Le nouveau régime permanent de la formation
Au-delà de ces deux annonces structurantes, les évolutions récentes confirment une tendance de fond : l'accélération technologique n'est plus une phase transitoire, c'est le régime permanent dans lequel évoluent désormais les professionnels de formation. Les outils de génération de code s'améliorent radicalement, ouvrant la voie à la création d'interactions pédagogiques complexes sans développeur. Les modèles de génération vidéo permettent de produire des contenus visuels réalistes avec son synchronisé, questionnant les investissements massifs dans la production vidéo traditionnelle. Chaque trimestre apporte son lot d'annonces qui redéfinissent les possibles et obligent à reconsidérer les stratégies en cours. Pour les équipes formation, cette réalité impose un changement profond de posture.
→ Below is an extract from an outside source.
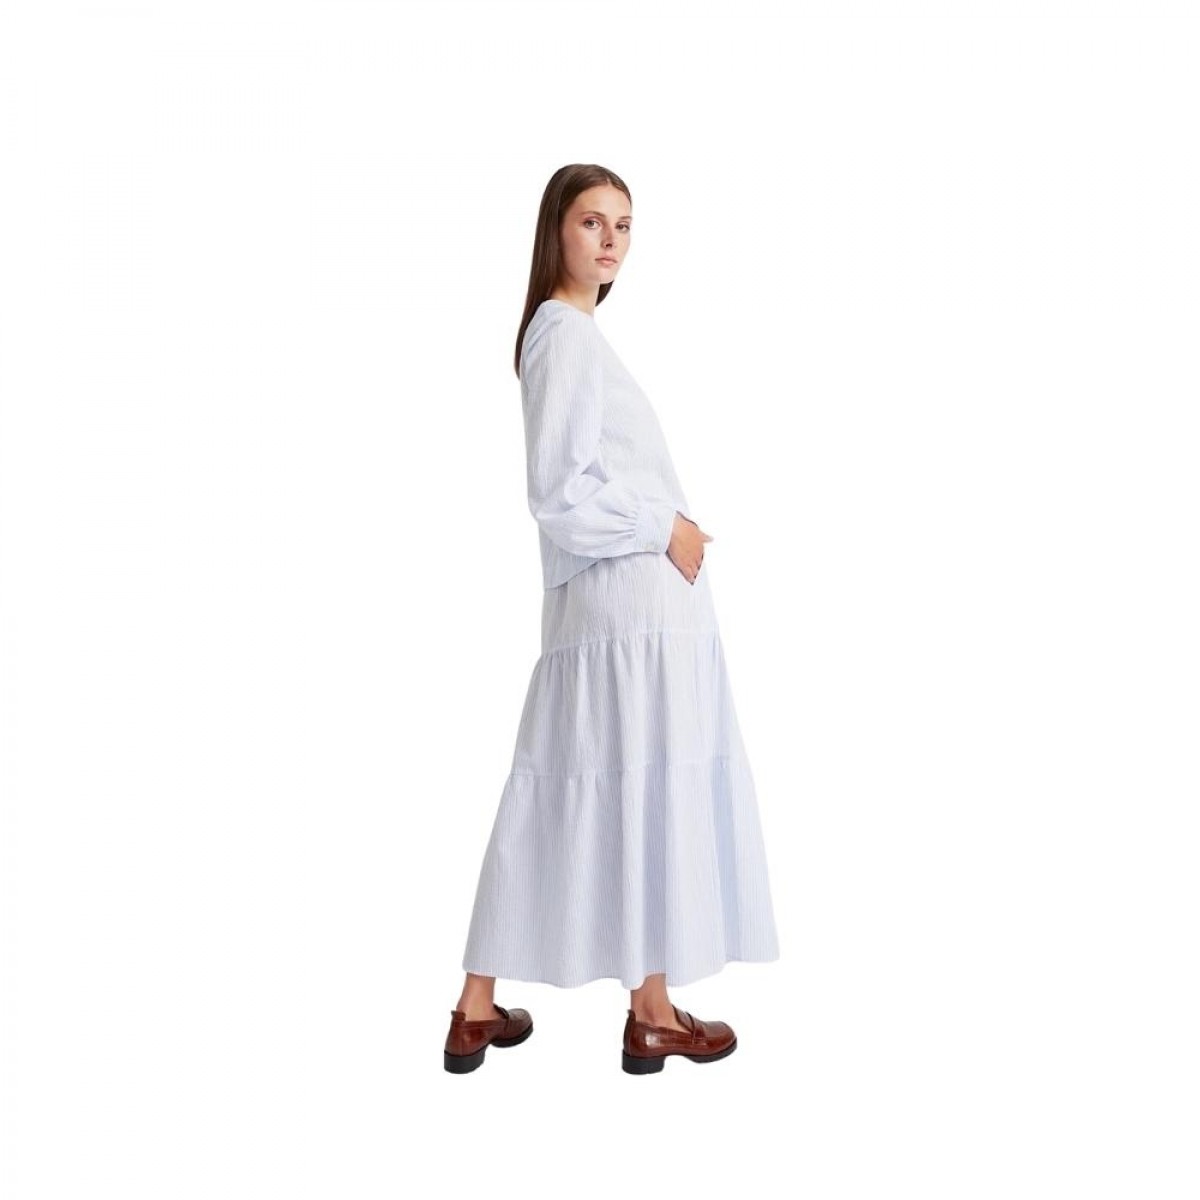 phi skirt - light blue / white stripe - model bagfra

Les responsables qui attendent que la technologie se stabilise pour s'y intéresser ont déjà perdu la partie. Ceux qui expérimentent, testent, échouent, apprennent et itèrent sont ceux qui construisent les dispositifs de demain. Cette accélération permanente requiert précisément ce nouvel état d'esprit dont on parle depuis des années : agilité mentale, réactivité face aux opportunités, créativité dans l'utilisation des outils, orientation résultat plutôt que conformité aux processus établis. L'objectif annoncé par les acteurs technologiques est explicite : raccourcir le chemin de l'idée à la production. C'est exactement ce dont ont besoin les services formation : passer moins de temps sur la logistique et les contraintes techniques, consacrer plus d'énergie à la conception pédagogique de qualité et à l'accompagnement humain des apprenants. Les outils sont là, plus puissants et plus accessibles que jamais. Reste à savoir qui, dans le secteur de la formation, aura le courage de s'en emparer vraiment, sans attendre que la concurrence ou les collaborateurs eux-mêmes imposent le changement. Car une chose est certaine : ChatGPT n'est plus un phénomène de niche. C'est devenu l'interface par défaut d'une partie croissante de la population mondiale pour accéder à l'information et aux services. Les professionnels de formation peuvent choisir d'ignorer cette réalité ou de la considérer comme ce qu'elle est : un bouleversement aussi profond que l'arrivée d'Internet dans les années 1990 ou celle du smartphone à la fin des années 2000. À eux de décider s'ils veulent subir cette transformation ou la piloter.